If you are successful in obtaining a job in Saudi Arabia, you are likely to benefit from a relatively high tax-free salary and a wide range of benefits and perks such as subsidized housing, healthcare and educational costs, and free trips home. However, salaries have fallen in relative terms in recent years. Most postings are fixed-term, usually for two or three years. All foreign nationals are required to have a Saudi sponsor and must obtain a work permit before entering the Kingdom. Employment permits are issued for a maximum of two years, but can often be extended. They are exchanged for a residence permit (Igama) once the employee arrives in the country.
The working week in Saudi Arabia is from Saturday to Wednesday, with some businesses also operating on Thursday mornings.

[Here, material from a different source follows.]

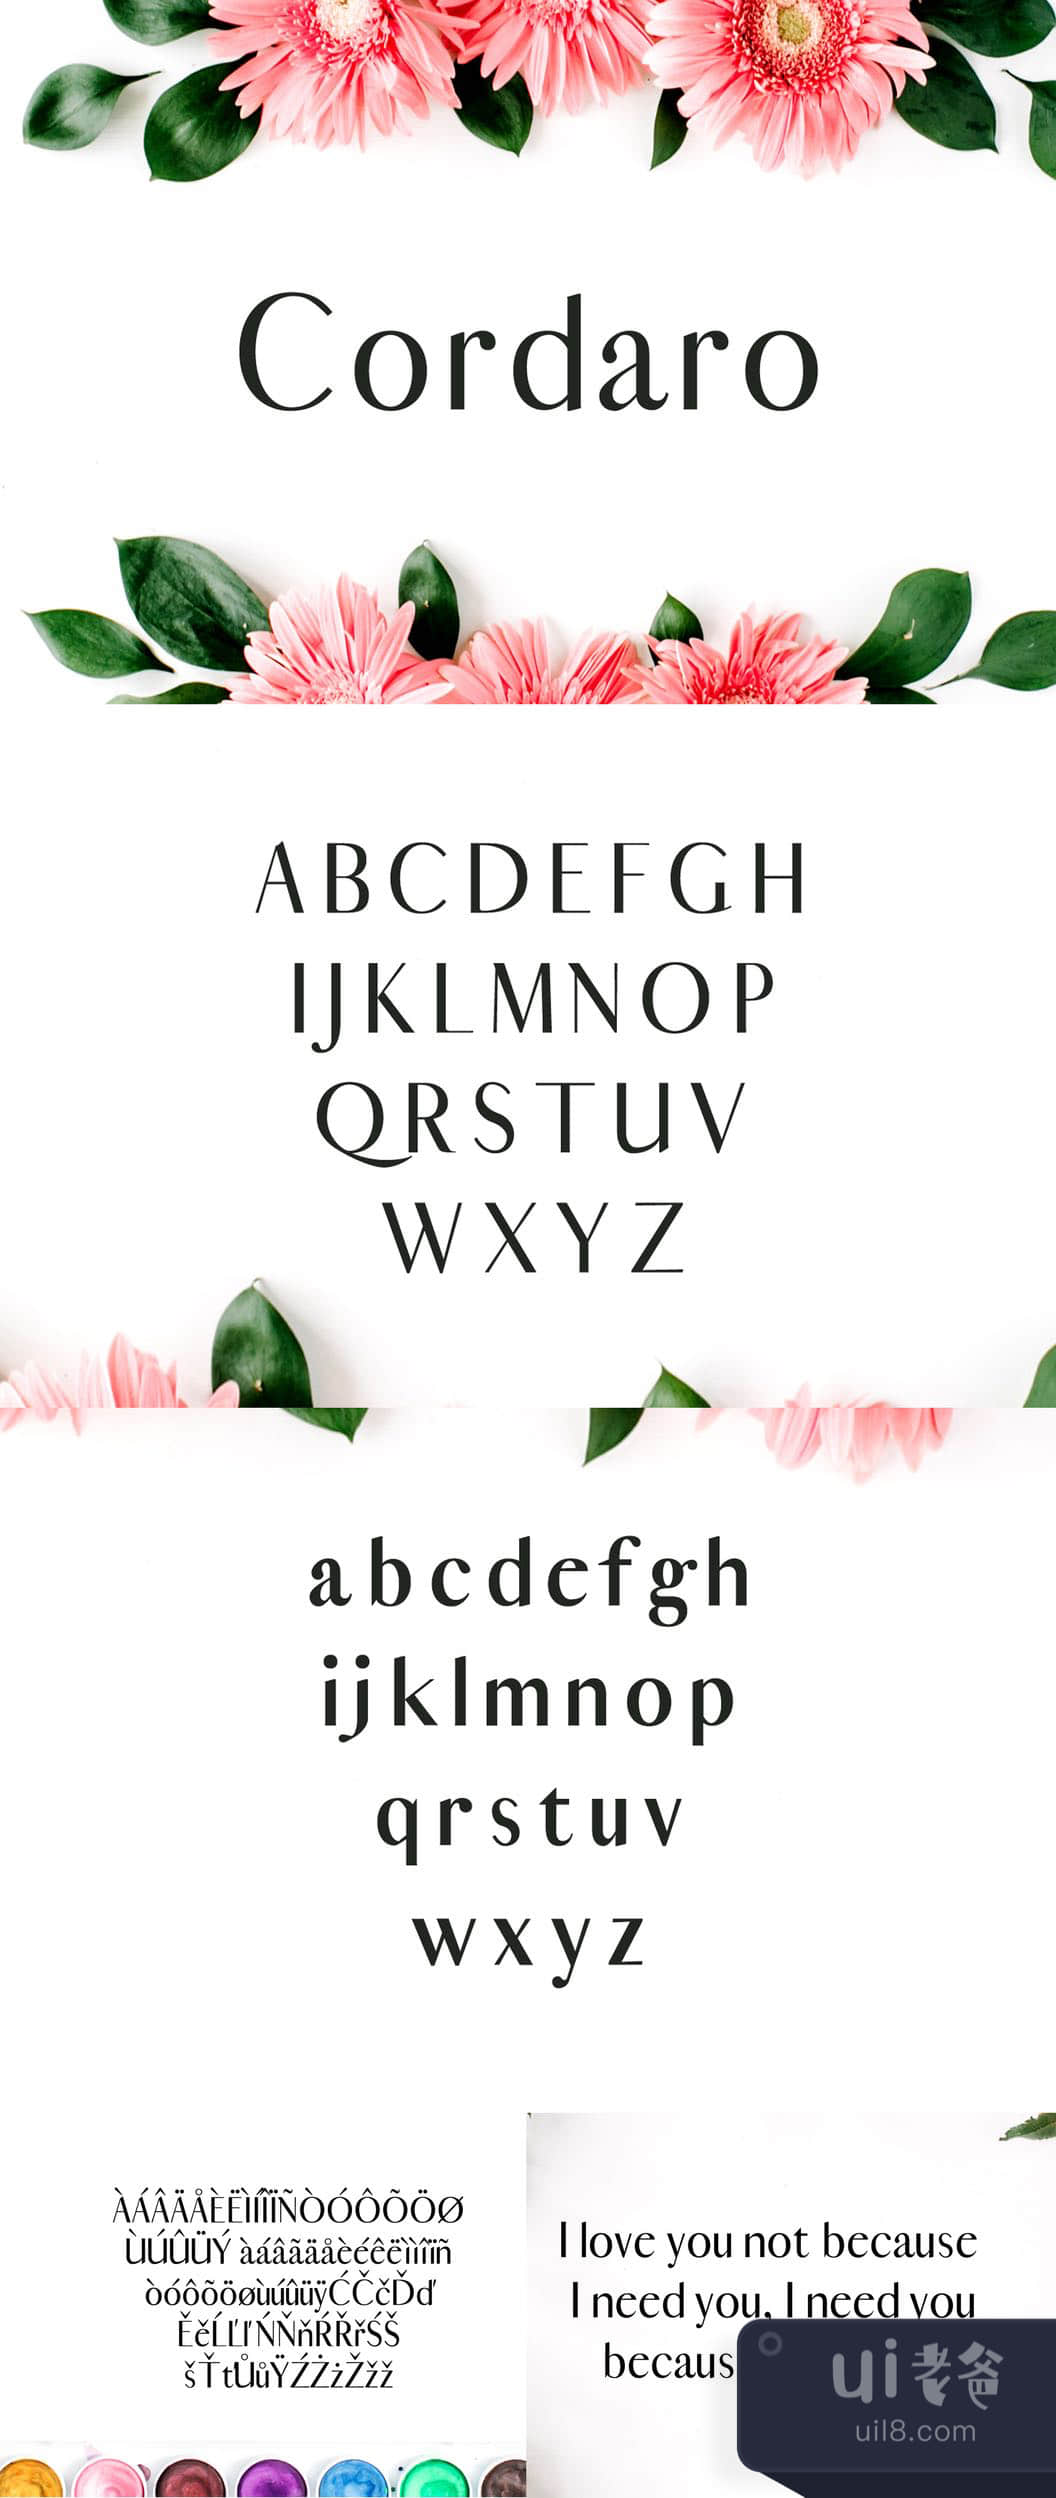 科达罗无衬线字体 (Cordaro Sans Serif Typeface)插图1

Working hours in private business are usually 8 a.m. to 12 noon and 3 p.m. to 6 p.m., and Government offices are open from 7.30 a.m. to 2.30 p.m. When scheduling business appointments, it is important to take into account the five daily prayer times, as well as the religious holidays of Hajj and Ramadan.
Appointment times should be regarded as approximate rather than fixed, as there is a relaxed approach to business which often results in delays. A very personal approach to business is taken, and face-to-face meetings are generally preferred to telephone conversations or written communications when negotiating deals. All deals are regulated by Sharia or Islamic law, which has many similarities with western law. A big difference between the two is that Sharia law does not make reference to precedents, and rulings made on one case are therefore not applicable to others.